Using pipes in Angular allows the transformation of data. In addition, pipes increase the performance of an application. In Angular, you can use pipes to transform different sets of information, such as dates, strings, and currency.

Here's an example of a pipe date: *date | shortdate* - it converts the date object to a short date format like *dd/MM/yyyy*.

In Angular, we divide pipes into two major categories:

  • Pure: Produces the same results for the same input over time.
  • Impure: Produces different results for the same input over time.

Generally, when it comes to binding evaluation, Angular evaluates the expression and afterward applies the pipe over it (if it exists). Next, Angular caches the value of that specific binding, similar to memorization. If the same event tries to re-evaluate, Angular fetches the same value from the binding level cache. Angular conducts this right-of-the-bat technique for pure pipes.

However, when building an enterprise-level application, the simple use case explained above needs more than that to execute. Solving this requires you to implement your memorization technique. Next, you want to acquire extra performance benefits. This means caching a value after every visit. Later, when the same value arrives, you return the cached value.

Here's a simple code base:

import { Pipe } from '@angular/core';
import { FilterPipe }from './filter. pipe'; 

@Pipe({
   name: 'filterPipe', 
   pure: true     
 })
 export class FilterPipe {}

Unsubscribe From Observables

Developing an Angular application requires you to be cautious to avoid minor setbacks that may contribute to memory leaks.

In most cases, memory leaks happen when an Angular application falters in disposing of resources that aren't in use after execution or during application run time. Observables are the best culprits for memory leaks. Since observables have a subscribe method which we call with a callback function, they create an open stream that remains open until it's closed with an unsubscribe method.

For instance, declaring global variables makes redundant memory leaks that do not unsubscribe observables.

The best workaround is to ensure you unsubscribe from observables using the OnDestroy lifecycle hook.
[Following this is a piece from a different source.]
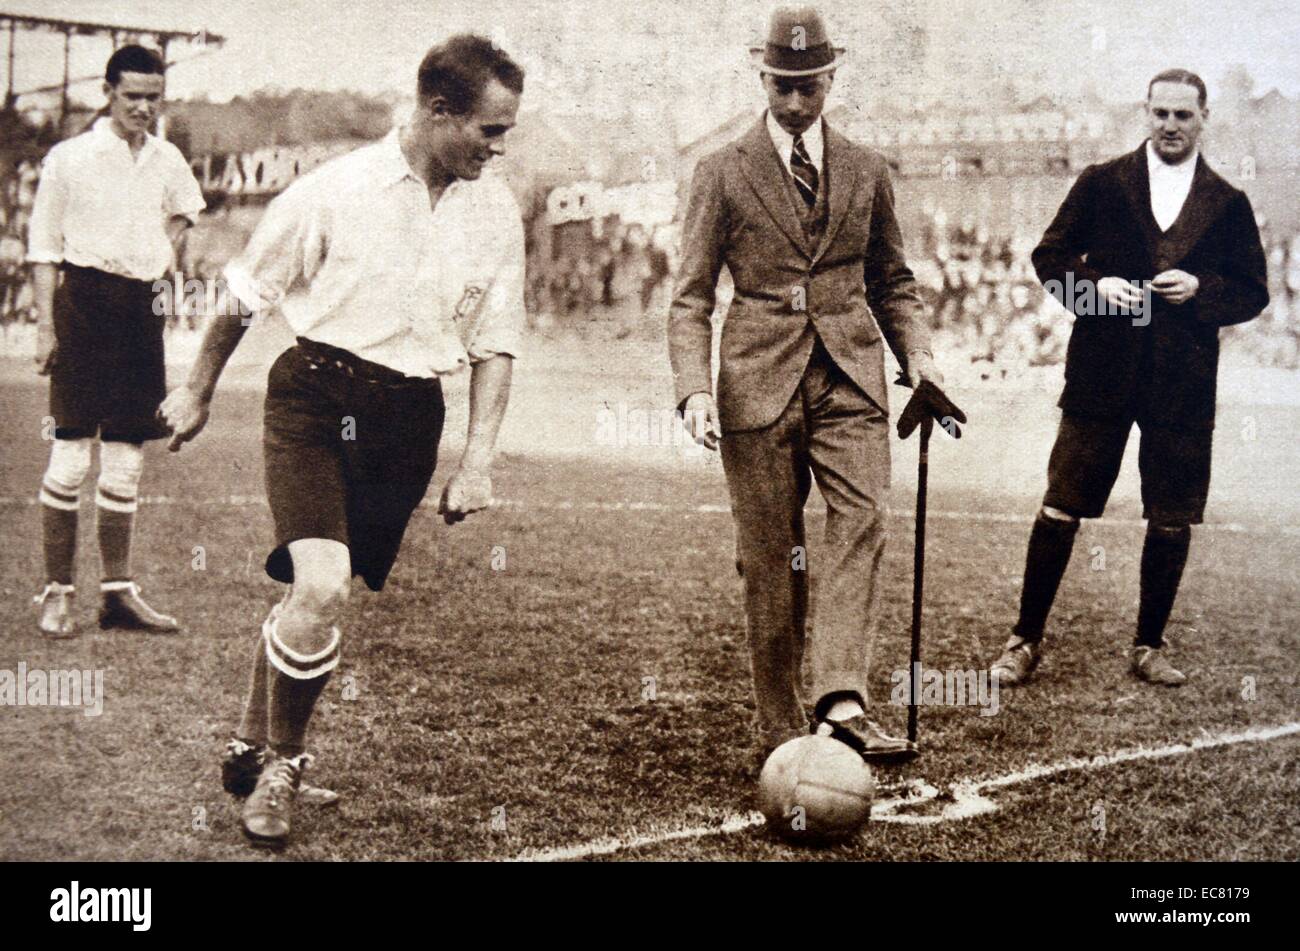 Der Duke of York "startet später König George VI" den Ball bei einem Fußballspiel in Tottenham Spurs Fußballplatz, London 1922 Stockfoto

This way, the application performs optimally with all the observables unsubscribed.

interface OnDestroy {
  ngOnDestroy(): void
}

Takeaway on Angular App Optimization

I hope you have gained as much as possible from this guide. We have explored the best techniques and optimization practices that will improve your application performance. Implementing the tips above will significantly improve user experience in your application and help fine-tune your Angular apps.